Apache Kafka is an open-source distributed event streaming platform capable of handling trillions of events per day. Originally developed at LinkedIn and open-sourced in 2011, it's now maintained by the Apache Software Foundation.
Core Concepts
Topics
A topic is a category/feed name to which records are published.

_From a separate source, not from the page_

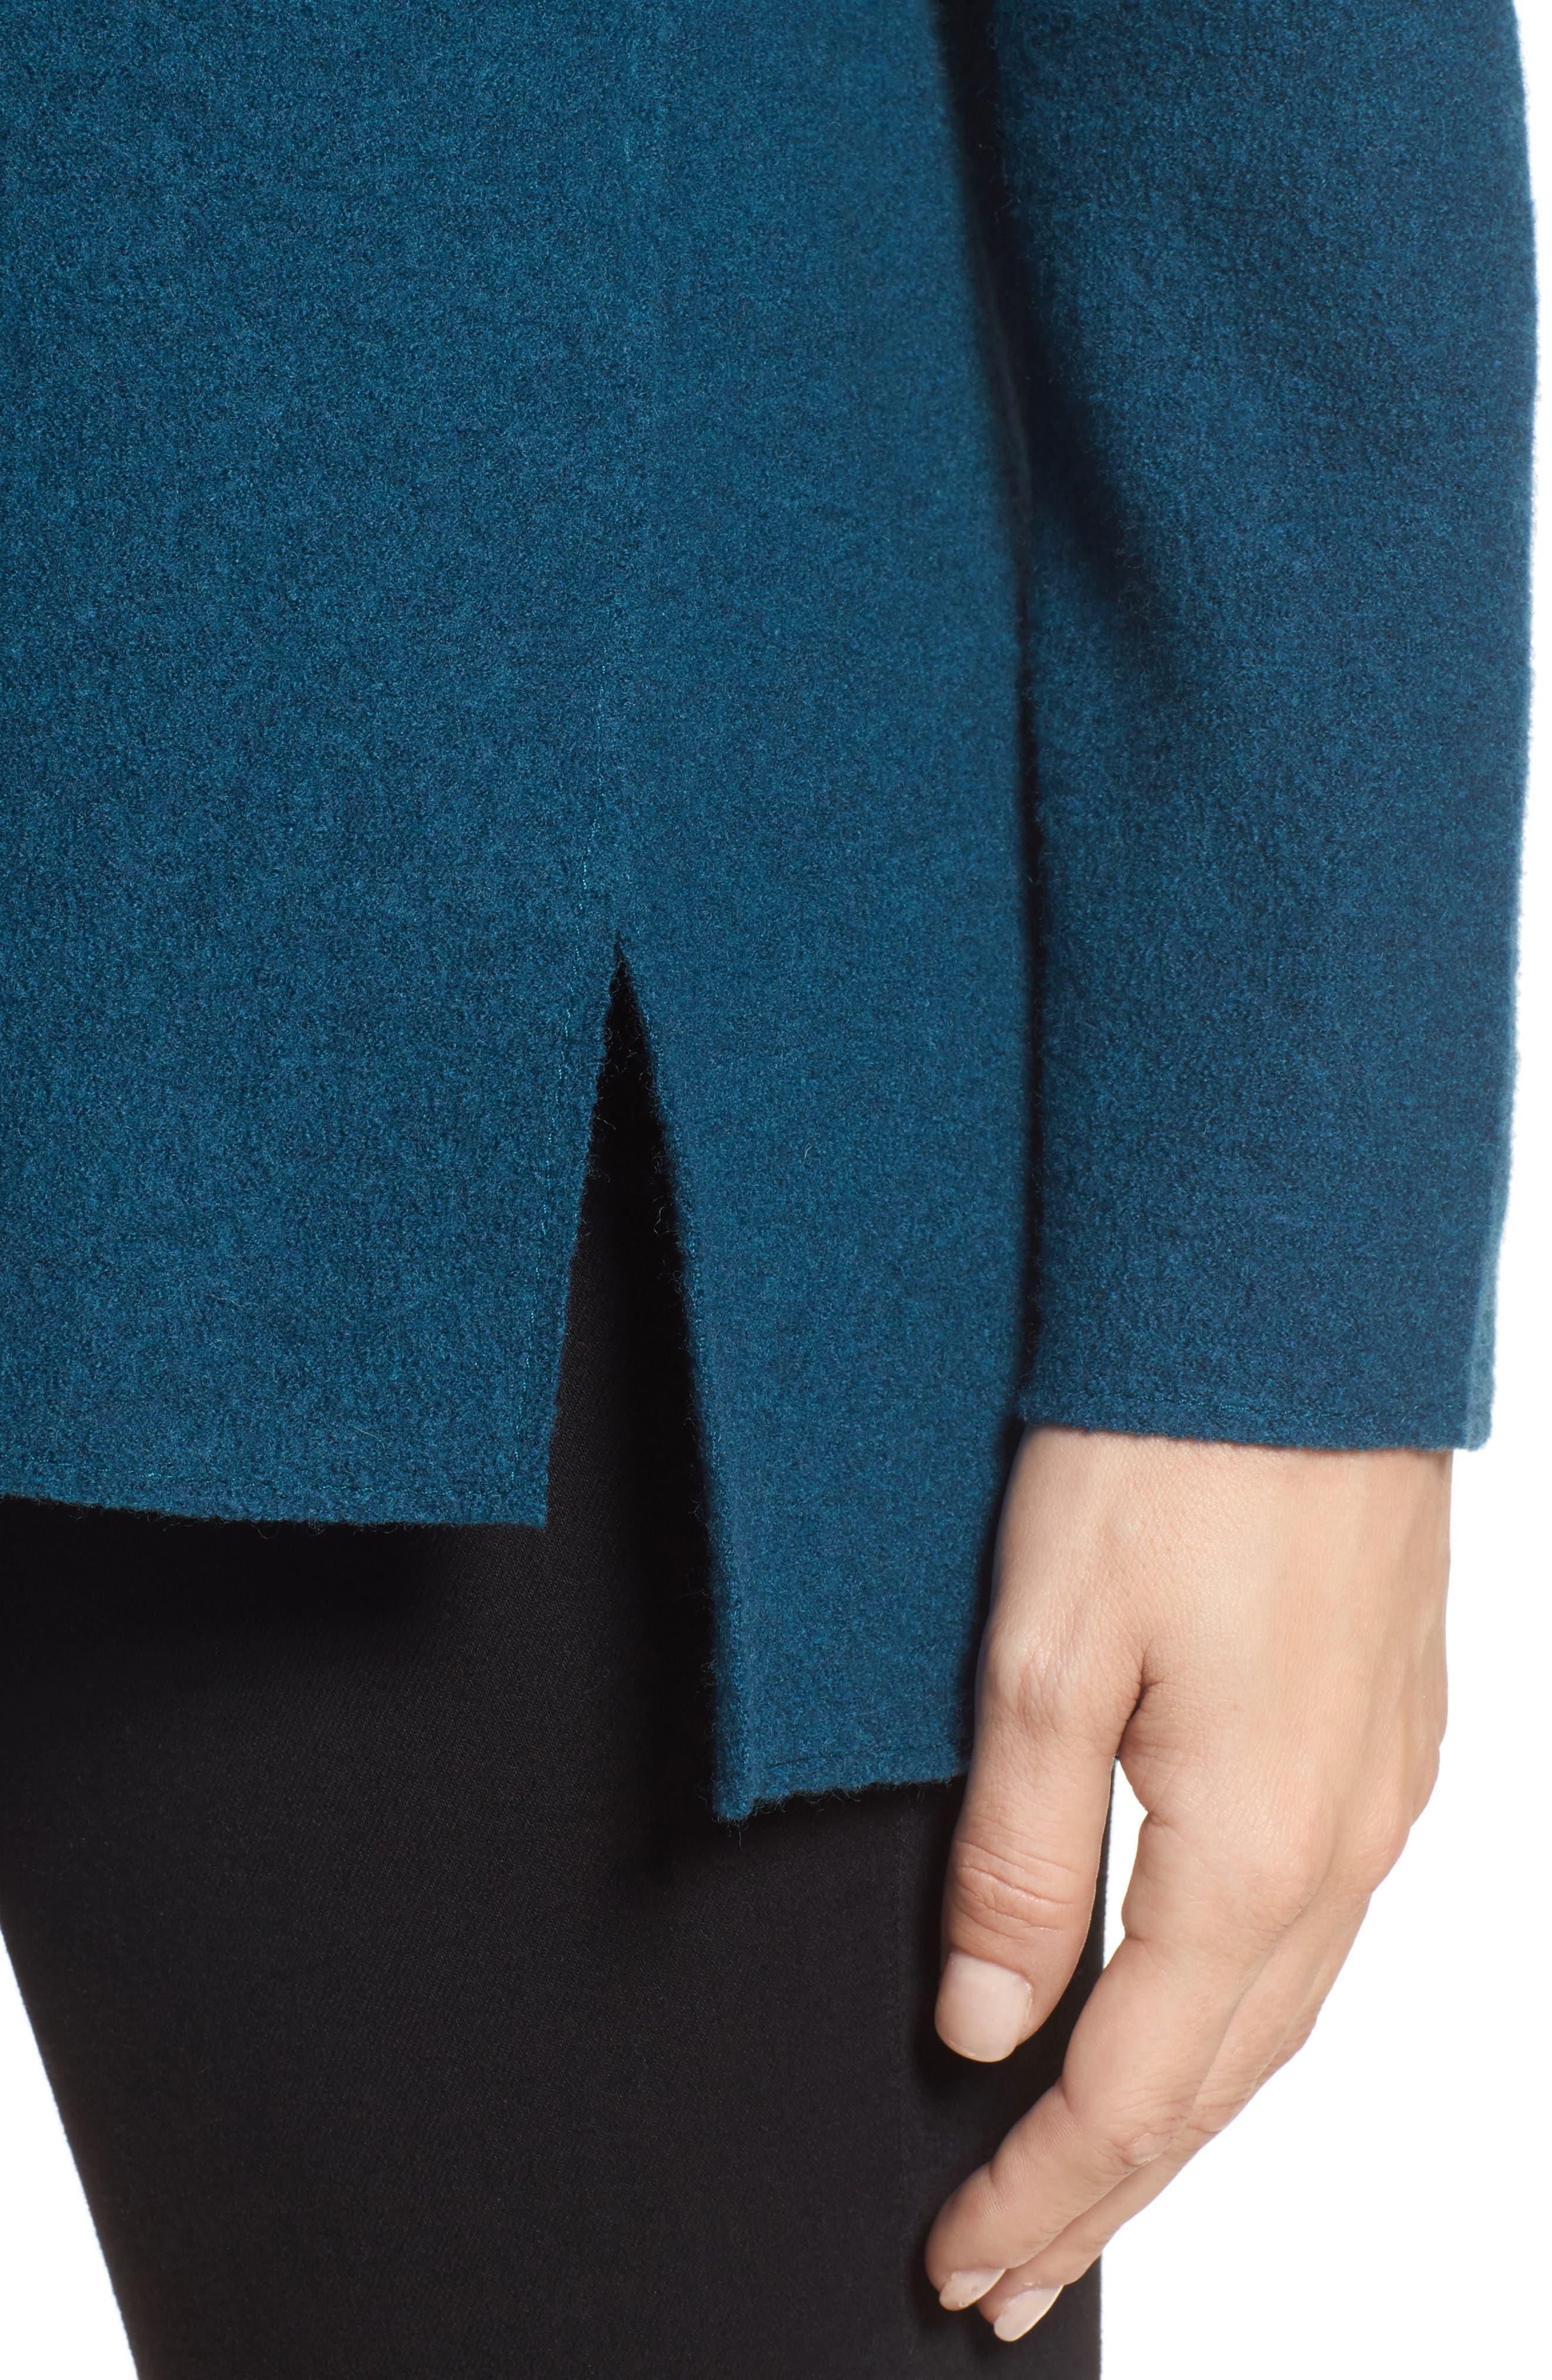 Boiled Merino Wool Top,                             Alternate thumbnail 4, color,                             Blue Spruce
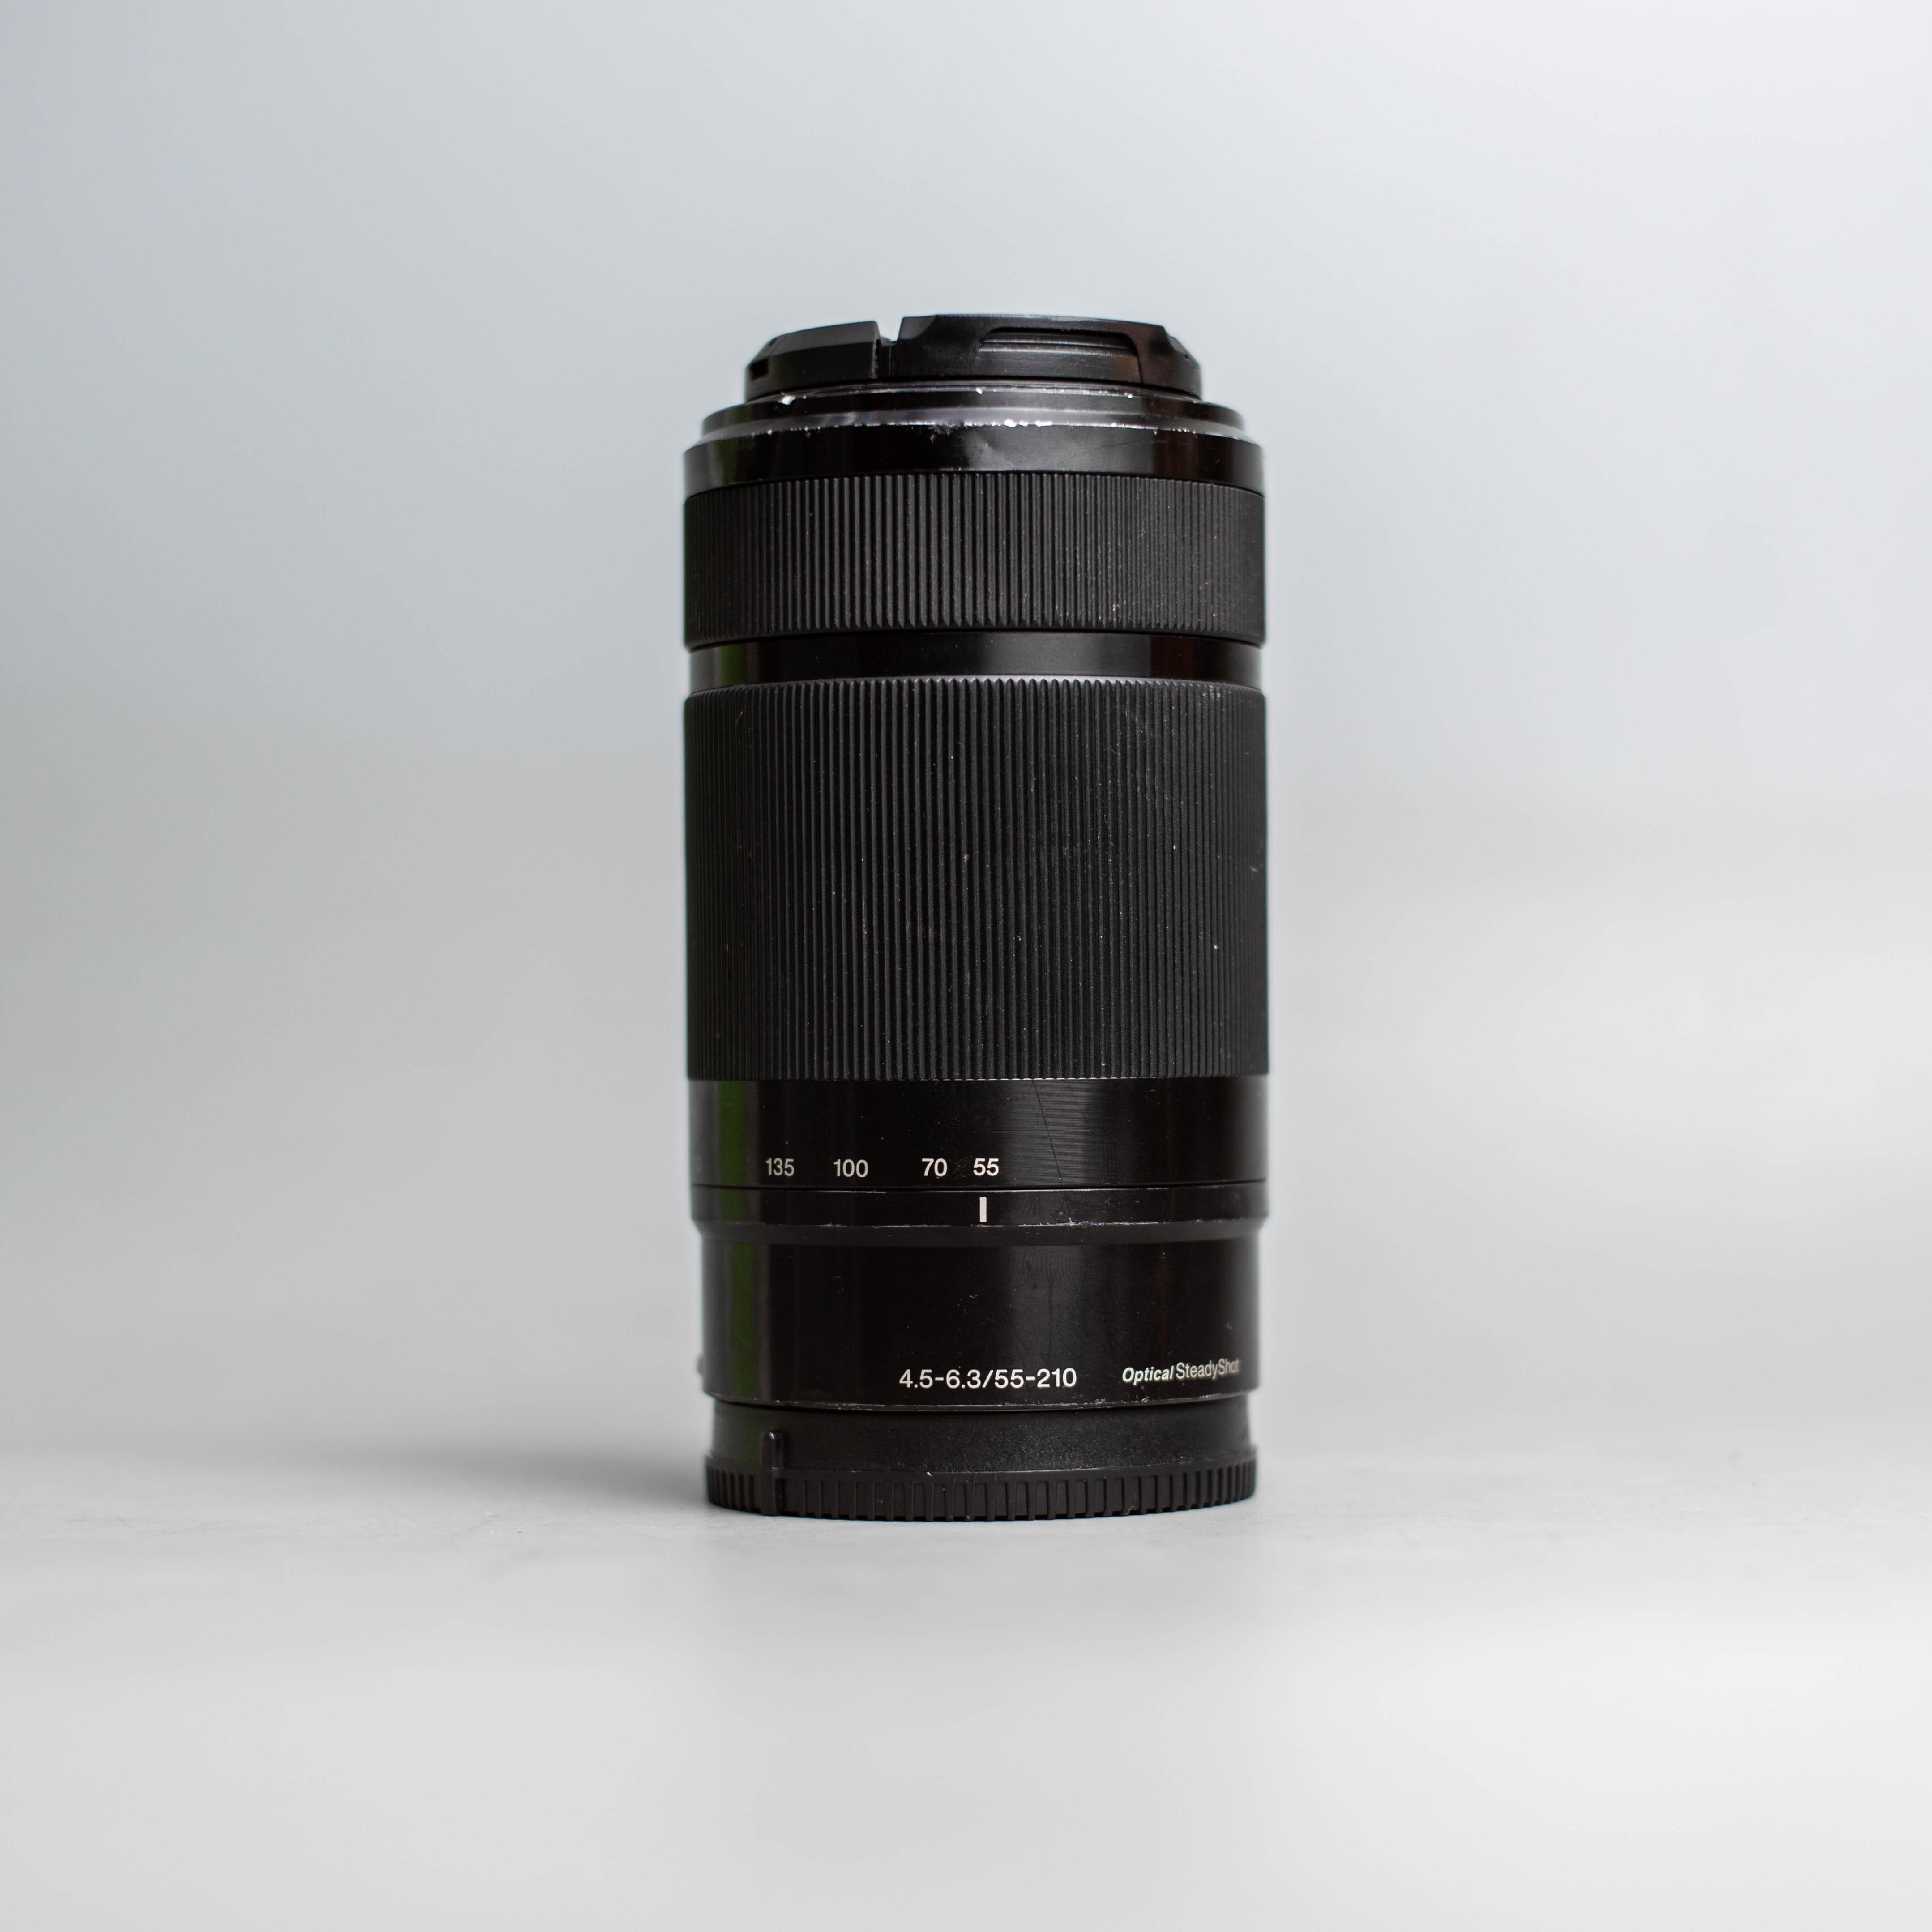 sony-55-210mm-f4-5-6-3-sel-af-oss-55-210-18732

Topics are partitioned for parallelism:
Topic: user-events
├── Partition 0: [event1, event4, event7...]
├── Partition 1: [event2, event5, event8...]
└── Partition 2: [event3, event6, event9...]
Producers & Consumers
[Producer A] ──┐
[Producer B] ──┼──► [Kafka Topic] ──┬──► [Consumer 1]
[Producer C] ──┘ └──► [Consumer 2]
Consumer Groups
Consumers in a group share partitions for parallel processing:
Consumer Group: analytics
├── Consumer 1 → Partition 0, 1
└── Consumer 2 → Partition 2
Brokers
Kafka runs as a cluster of servers (brokers) that store and serve data.
Key Features
| Feature | Description |
|---|---|
| Durability | Messages persisted to disk, replicated |
| Scalability | Horizontal scaling via partitions |
| Speed | Millions of messages/second |
| Ordering | Guaranteed within partition |
| Retention | Configurable (time or size based) |
Use Cases
- Event Sourcing - Store all state changes as events
- Log Aggregation - Collect logs from multiple services
- Stream Processing - Real-time data transformations
- Message Queue - Decouple microservices
- Change Data Capture - Sync database changes
Python Example
from kafka import KafkaProducer, KafkaConsumer
import json
# Producer
producer = KafkaProducer(
bootstrap_servers=["localhost:9092"],
value_serializer=lambda v: json.dumps(v).encode()
)
producer.send("user-events", {"user_id": 123, "action": "login"})
producer.flush()
# Consumer
consumer = KafkaConsumer(
"user-events",
bootstrap_servers=["localhost:9092"],
group_id="analytics",
value_deserializer=lambda m: json.loads(m.decode())
)
for message in consumer:
print(f"Received: {message.value}")
Kafka vs Alternatives
| Feature | Kafka | RabbitMQ | Redis Streams |
|---|---|---|---|
| Throughput | Very High | Medium | High |
| Persistence | Yes | Optional | Yes |
| Ordering | Per partition | Per queue | Yes |
| Replay | Yes | No | Yes |
| Complexity | High | Medium | Low |
Ecosystem
- Kafka Streams - Stream processing library
- Kafka Connect - Data integration framework
- Schema Registry - Schema management (Avro, Protobuf)
- ksqlDB - SQL interface for stream processing
When to Use Kafka
✅ High throughput requirements (100k+ msg/sec)
✅ Event sourcing / audit logs
✅ Real-time analytics pipelines
✅ Microservices communication at scale
❌ Simple pub/sub with few consumers
❌ Low latency requirements (<10ms)
❌ Small-scale applications